§ Data segment
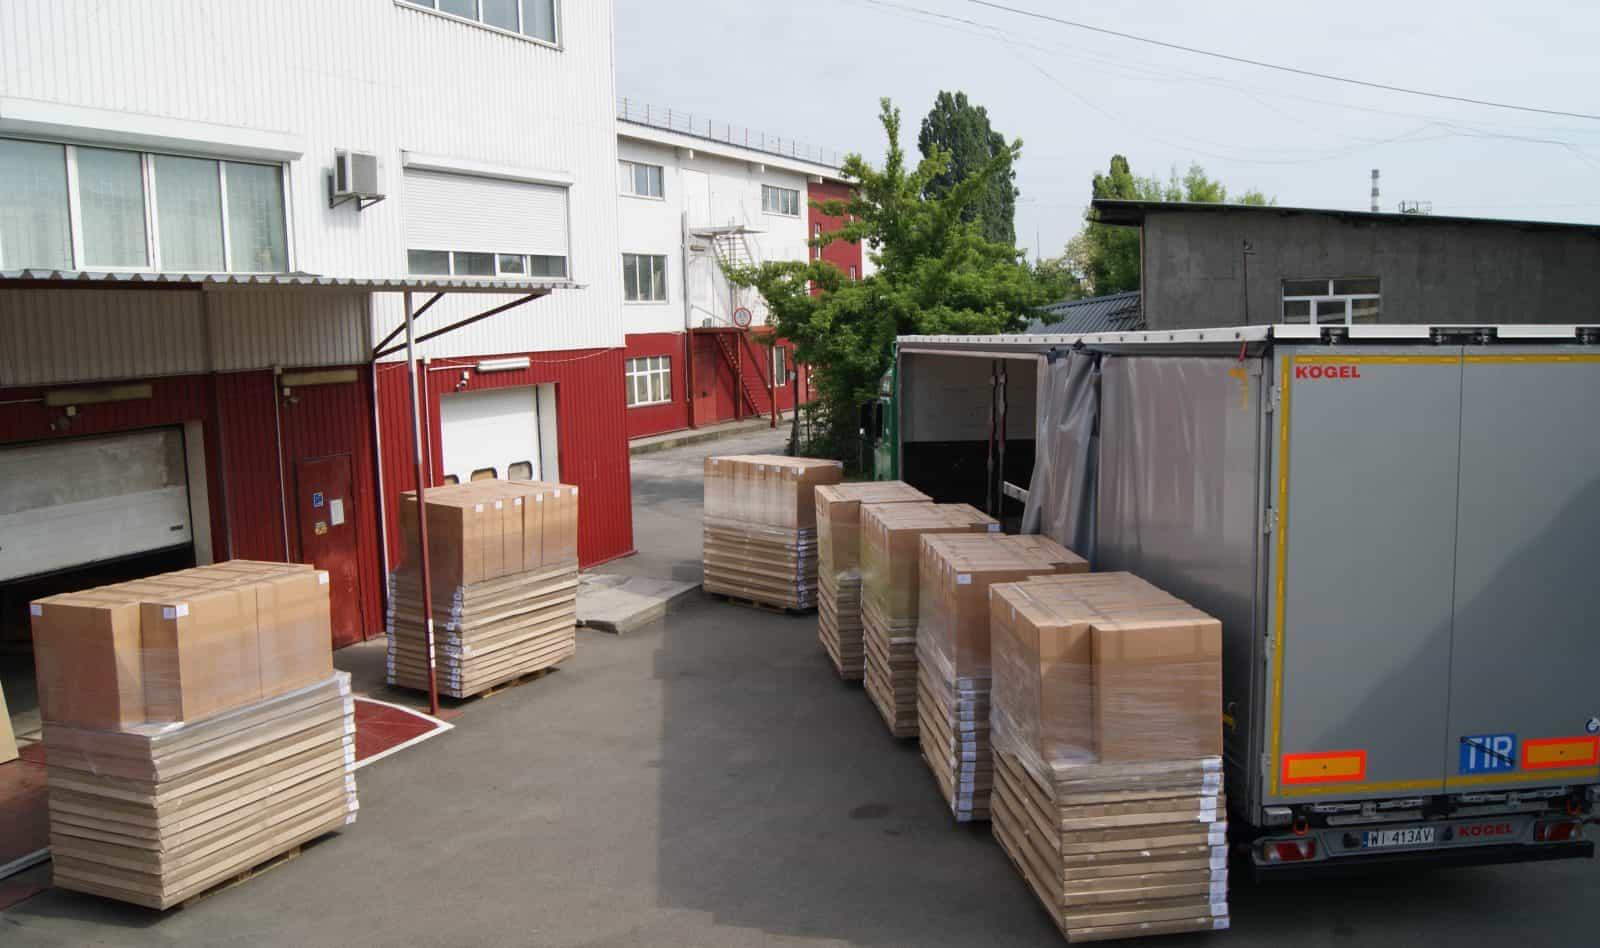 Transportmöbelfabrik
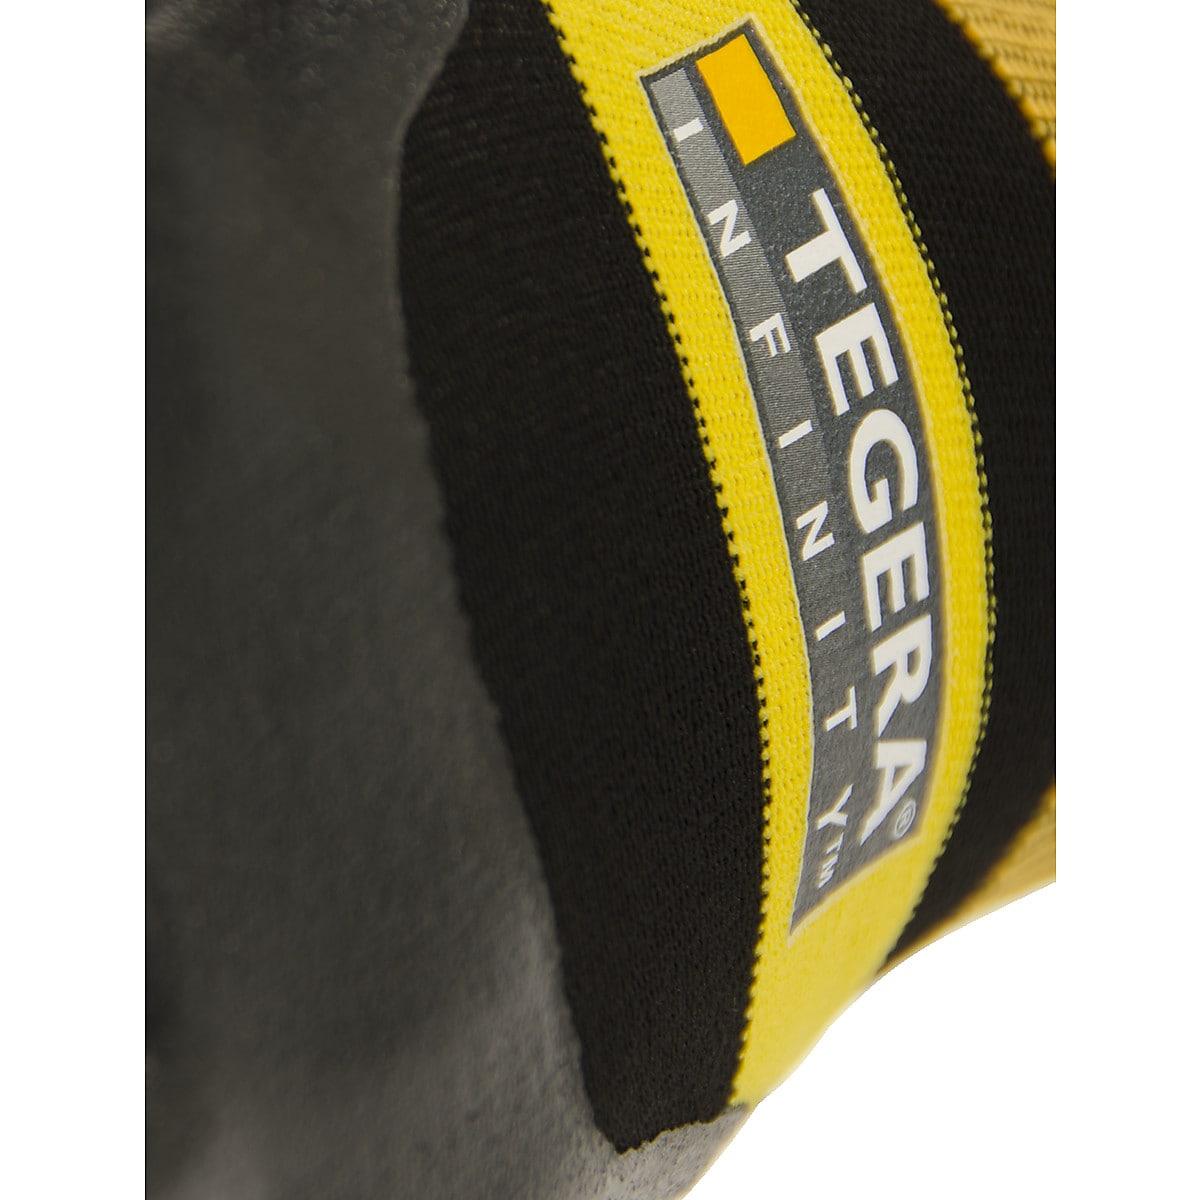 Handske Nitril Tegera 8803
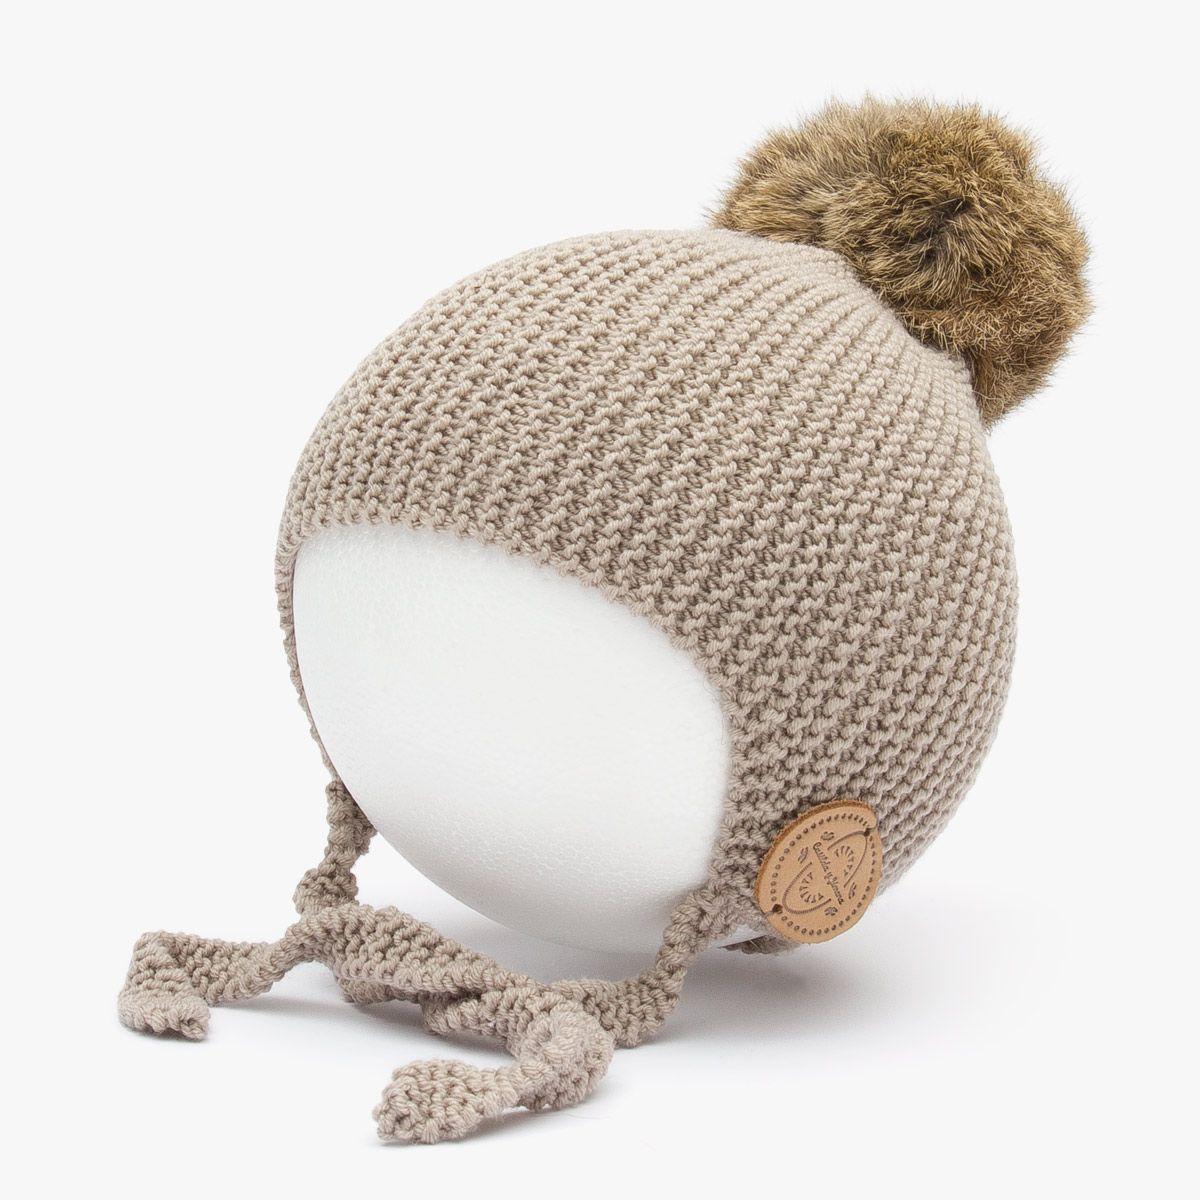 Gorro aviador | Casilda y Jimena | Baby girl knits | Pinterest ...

§ Problem
The expected output is every line of the data, unchanged, with the pictures skipped.

§ Result of the exercise
 Transportmöbelfabrik
 Handske Nitril Tegera 8803
 Gorro aviador | Casilda y Jimena | Baby girl knits | Pinterest ...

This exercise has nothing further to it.